--- Input for this task ---

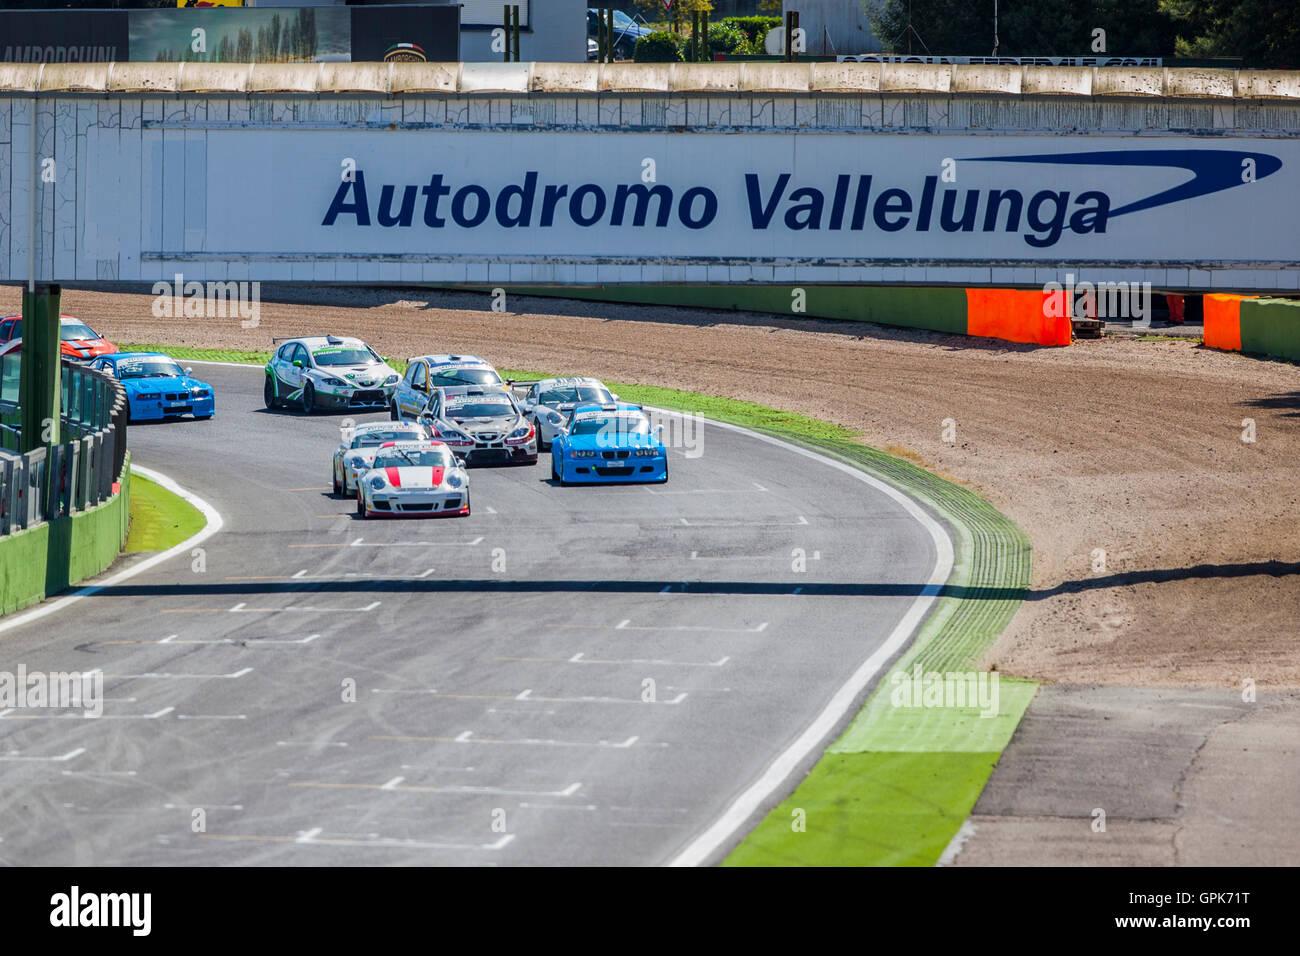 Circuito Vallelunga : Automobilismo carrera cup iaquinta prova a stupire a vallelunga
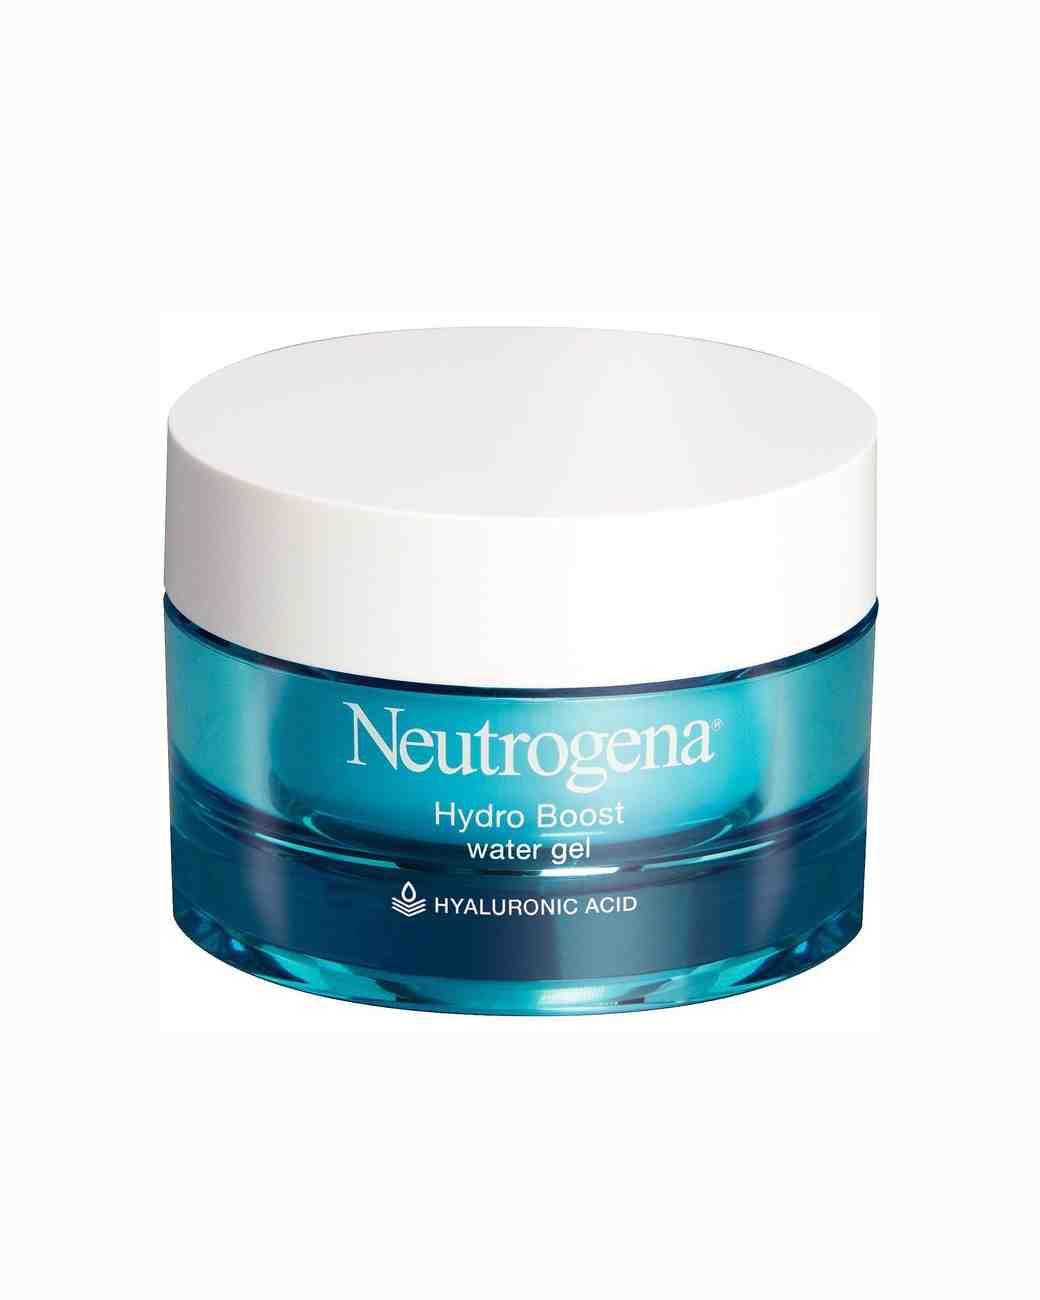 big-day-beauty-awards-neutrogena-hydro-boost-water-gel-0216.jpg
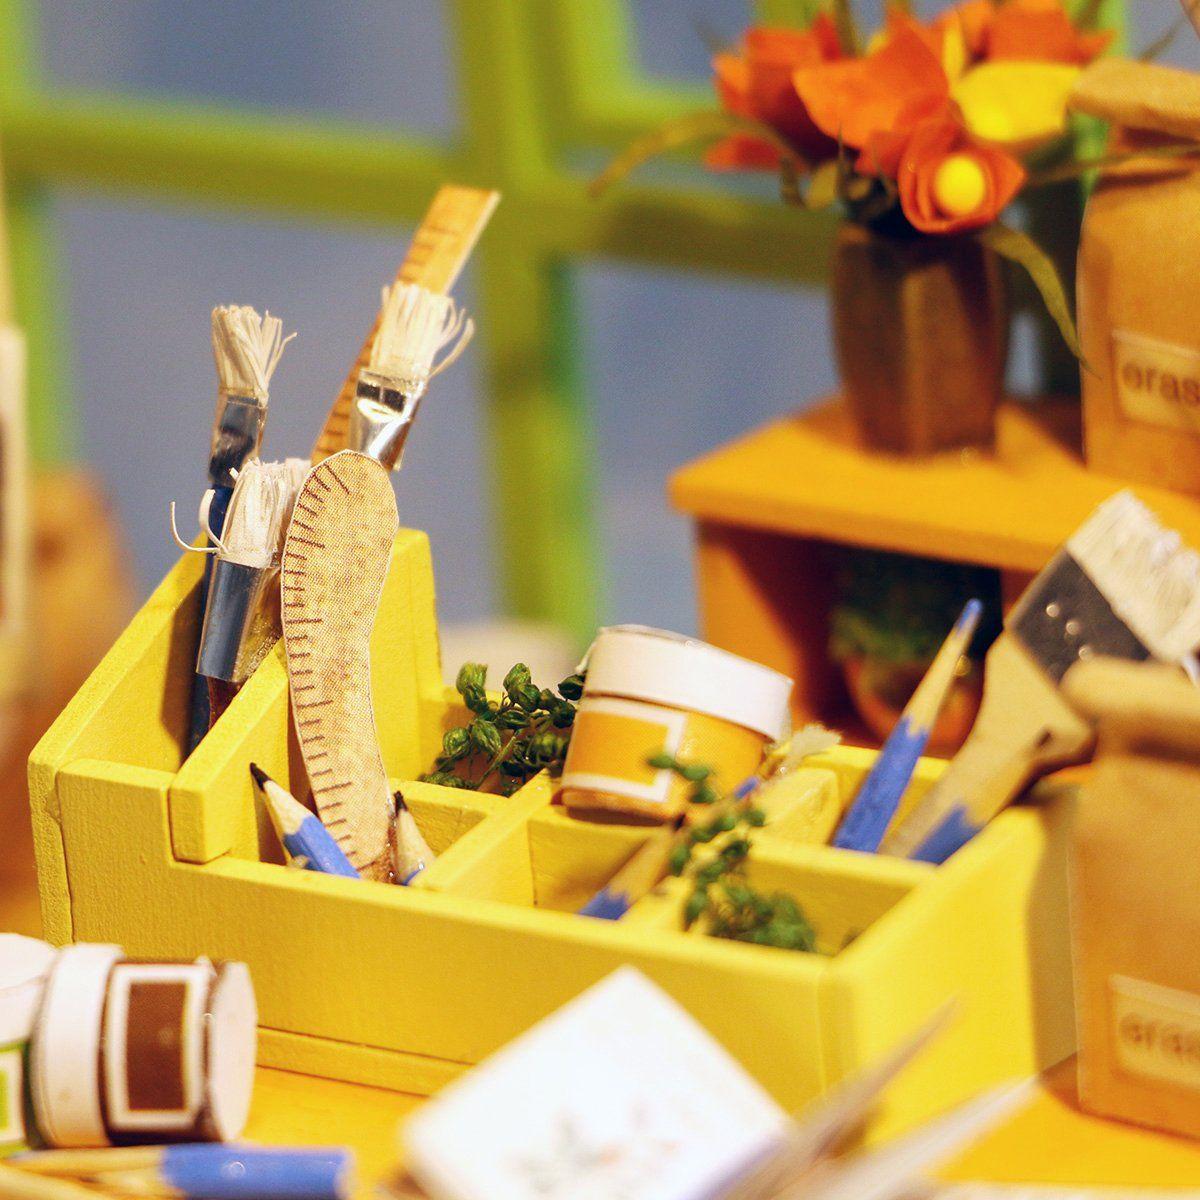 Christmas Sale Miniature Dollhouse Diy Kit With Led Light Art Studio Building Crafts Puzzles Mini Toys Top Chr Dollhouse Toys Dollhouse Miniatures Diy Toys
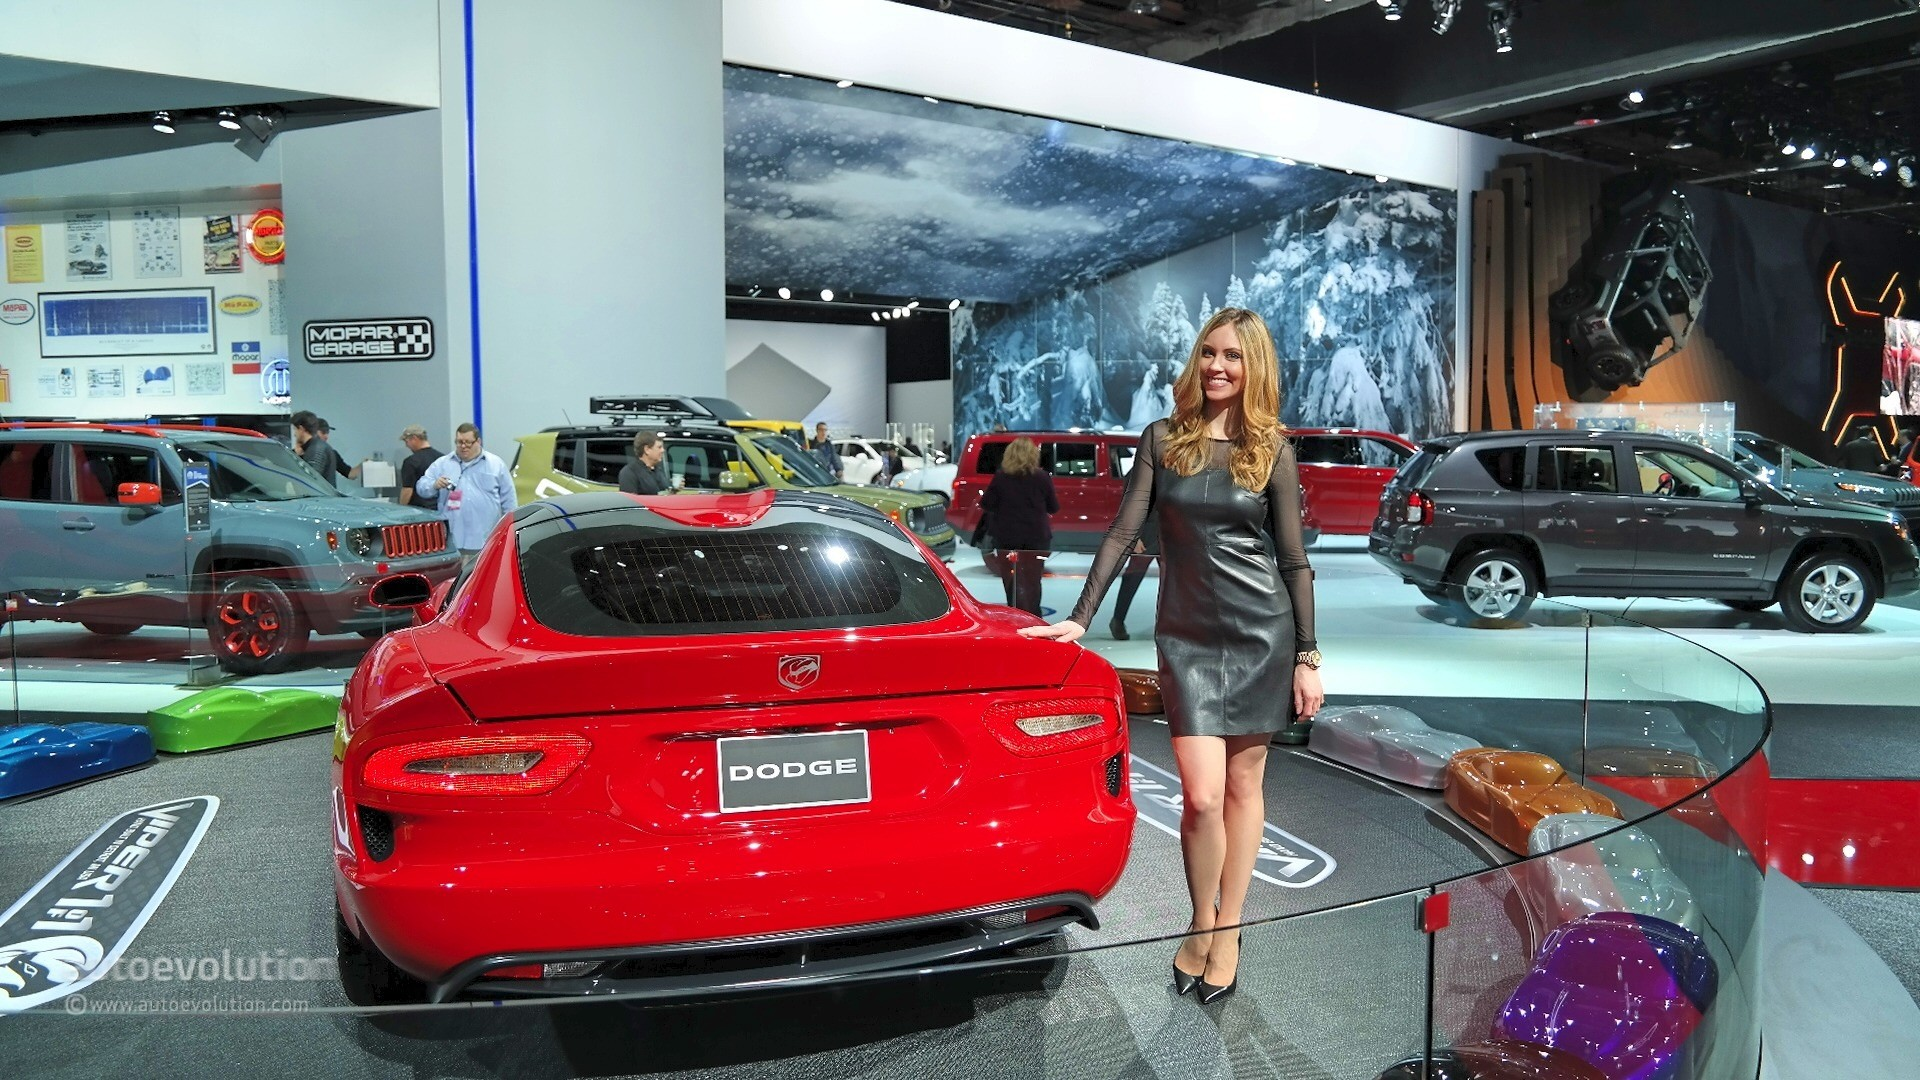 Hot girls of the 2015 detroit auto show autoevolution - Auto motor show ...
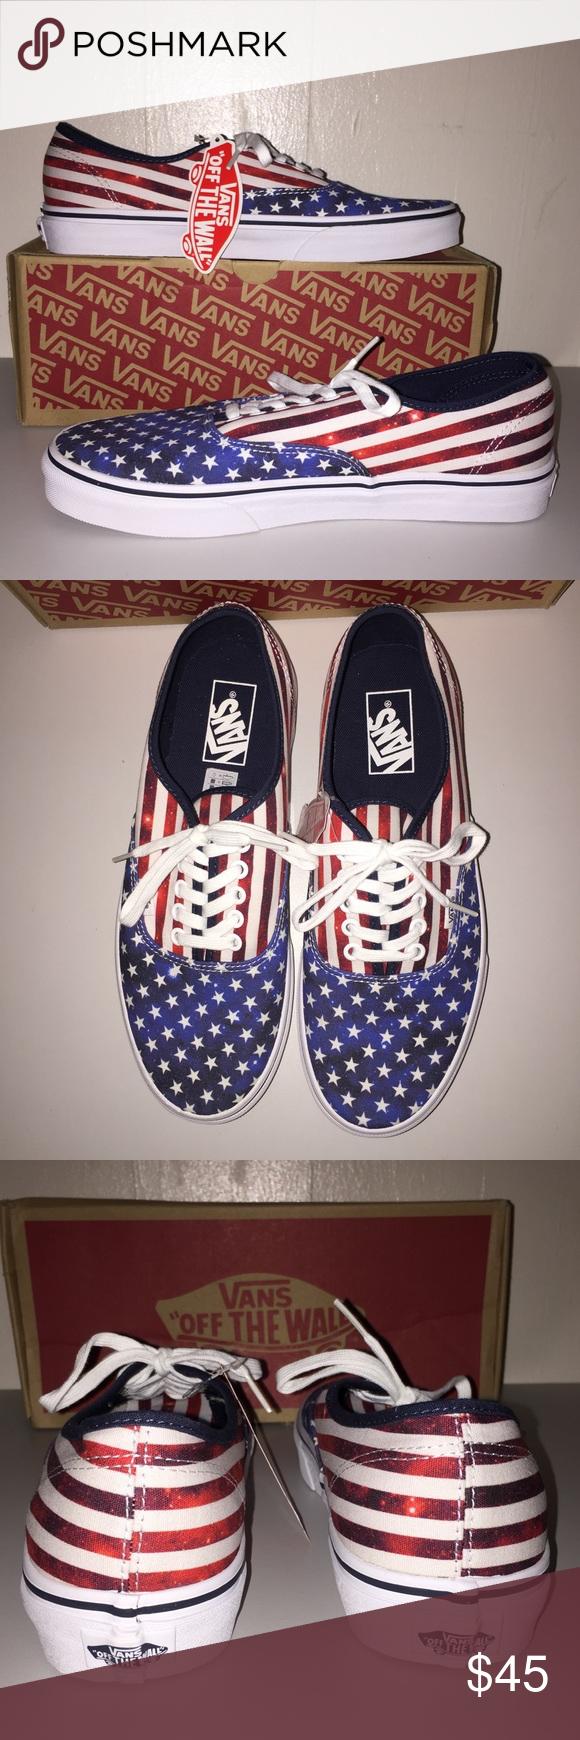 bfff27c479 NWT Vans Men s Authentic Americana Dress Blue Vans Authentic American flag  designed shoes⭐️These shoes

---

## Exercise description
Without carrying over any picture, write out the entries above once more, exactly.

## Exercise result
 Circuito Vallelunga : Automobilismo carrera cup iaquinta prova a stupire a vallelunga
 big-day-beauty-awards-neutrogena-hydro-boost-water-gel-0216.jpg
 Christmas Sale Miniature Dollhouse Diy Kit With Led Light Art Studio Building Crafts Puzzles Mini Toys Top Chr Dollhouse Toys Dollhouse Miniatures Diy Toys
 Hot girls of the 2015 detroit auto show autoevolution - Auto motor show ...
 bfff27c479 NWT Vans Men s Authentic Americana Dress Blue Vans Authentic American flag  designed shoes⭐️These shoes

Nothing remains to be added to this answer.